Aufgrund mehrerer studentischer Abschlussarbeiten konnte gezeigt werden, dass die Buchen ausreichend keimfähige Samen bildeten. Allerdings schaffte es nur ein sehr geringer Anteil, das Keimlingsstadium zu erreichen. Die Gründe hierfür sind derzeit noch ungeklärt. Dass der Faktor Wild zusätzlich einen negativen Einfluss auf die Etablierung der Buchenverjüngung hat, konnte gezeigt werden. Allerdings kann in diesem Fall nicht ausgeschlossen werden, dass andere Faktoren für das schwache Auflaufen der Naturverjüngung maßgeblich sind.

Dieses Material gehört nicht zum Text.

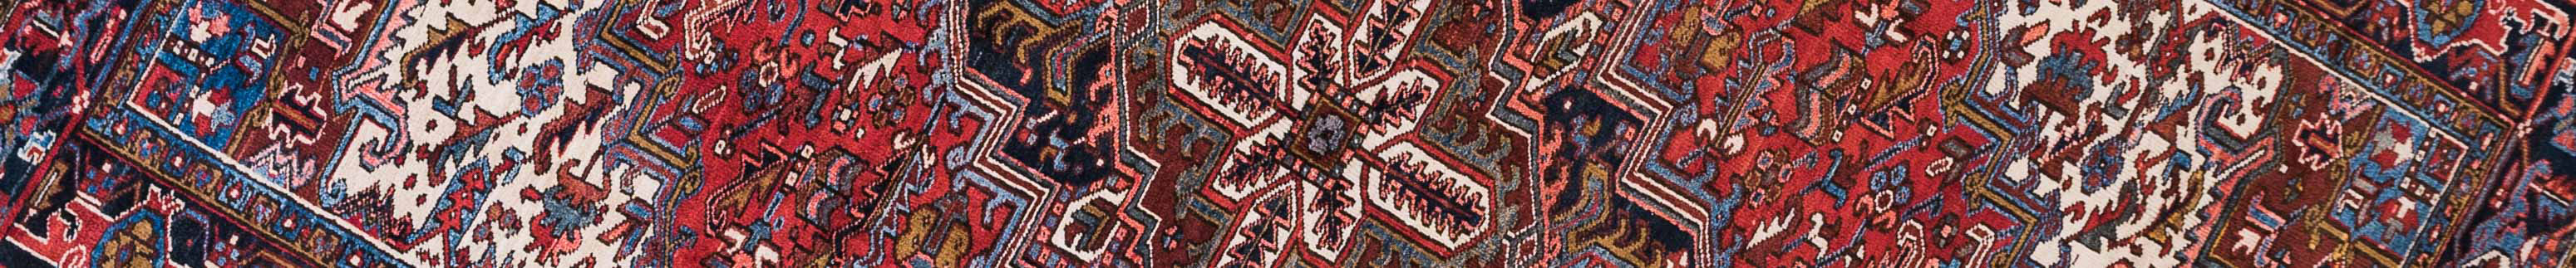 Gravan Persian Carpet Rug N1Carpet Canada Montreal Tapis Persan 2800
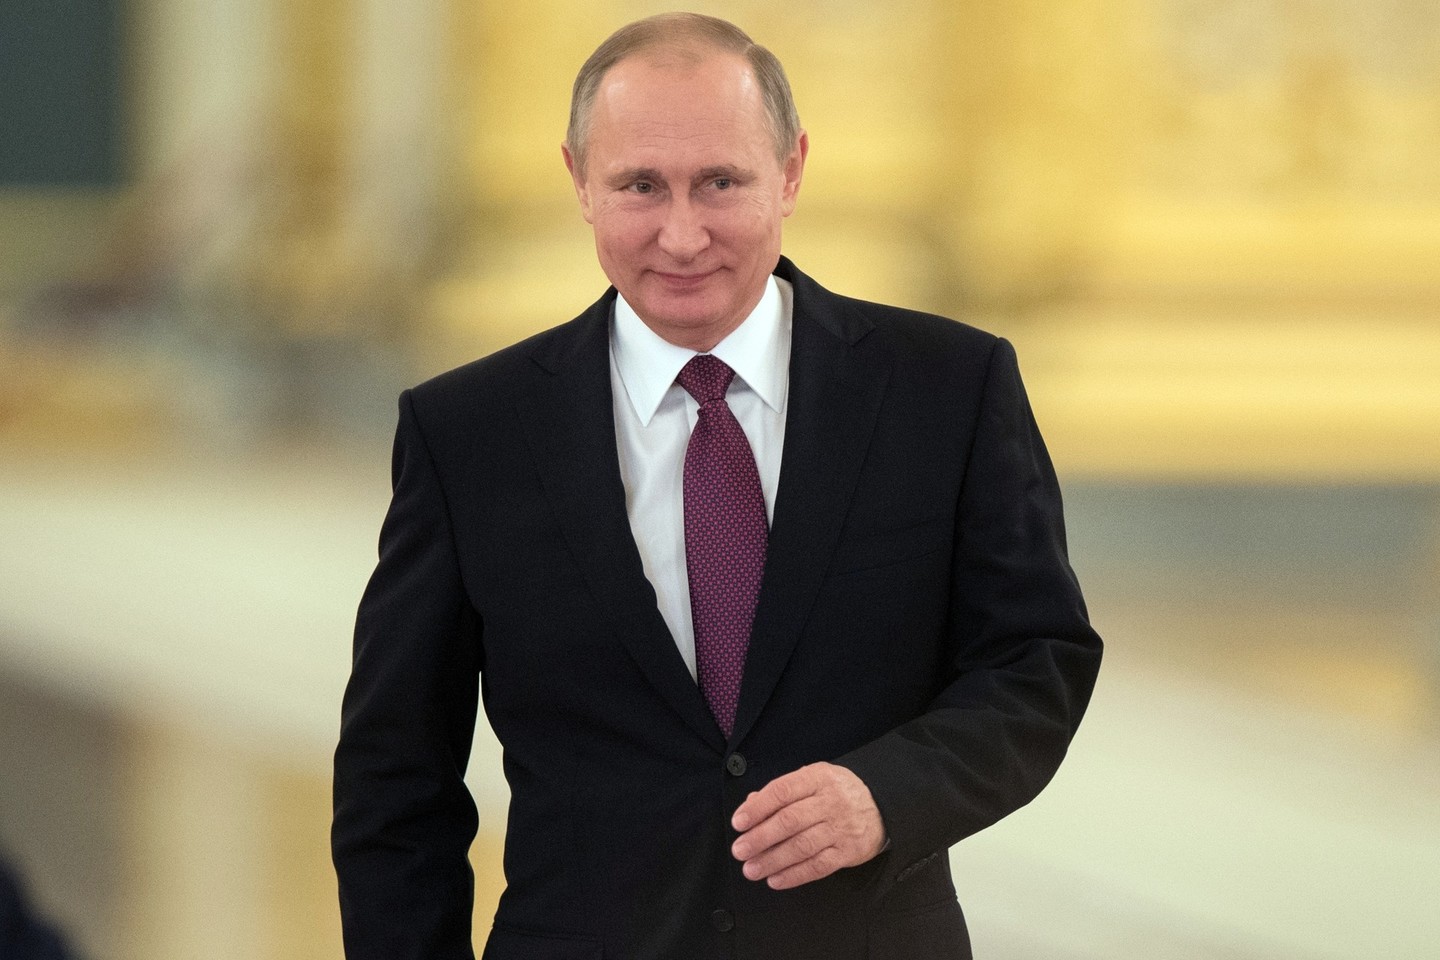 Politinė įtampa padidėjo Rusijos prezidentui V.Putinui pradėjus agresyvią užsienio politiką.<br>Sputnik nuotr.

Die Wuchsbedingungen und die Entwicklungsphasen der Bestände sind im FFH-Gebiet Buchberg auf den einzelnen Teilflächen unterschiedlich. Der aktuell aufstockende Bestand hat in der Vergangenheit ungewöhnlich lange Zeit benötigt, um den Status einer gesicherten Verjüngung zu erreichen. Weiterhin könnte von Bedeutung sein, dass viele der aktuell vorhandenen Bäume Stockausschläge sind und deshalb physiologisch sehr alt sind.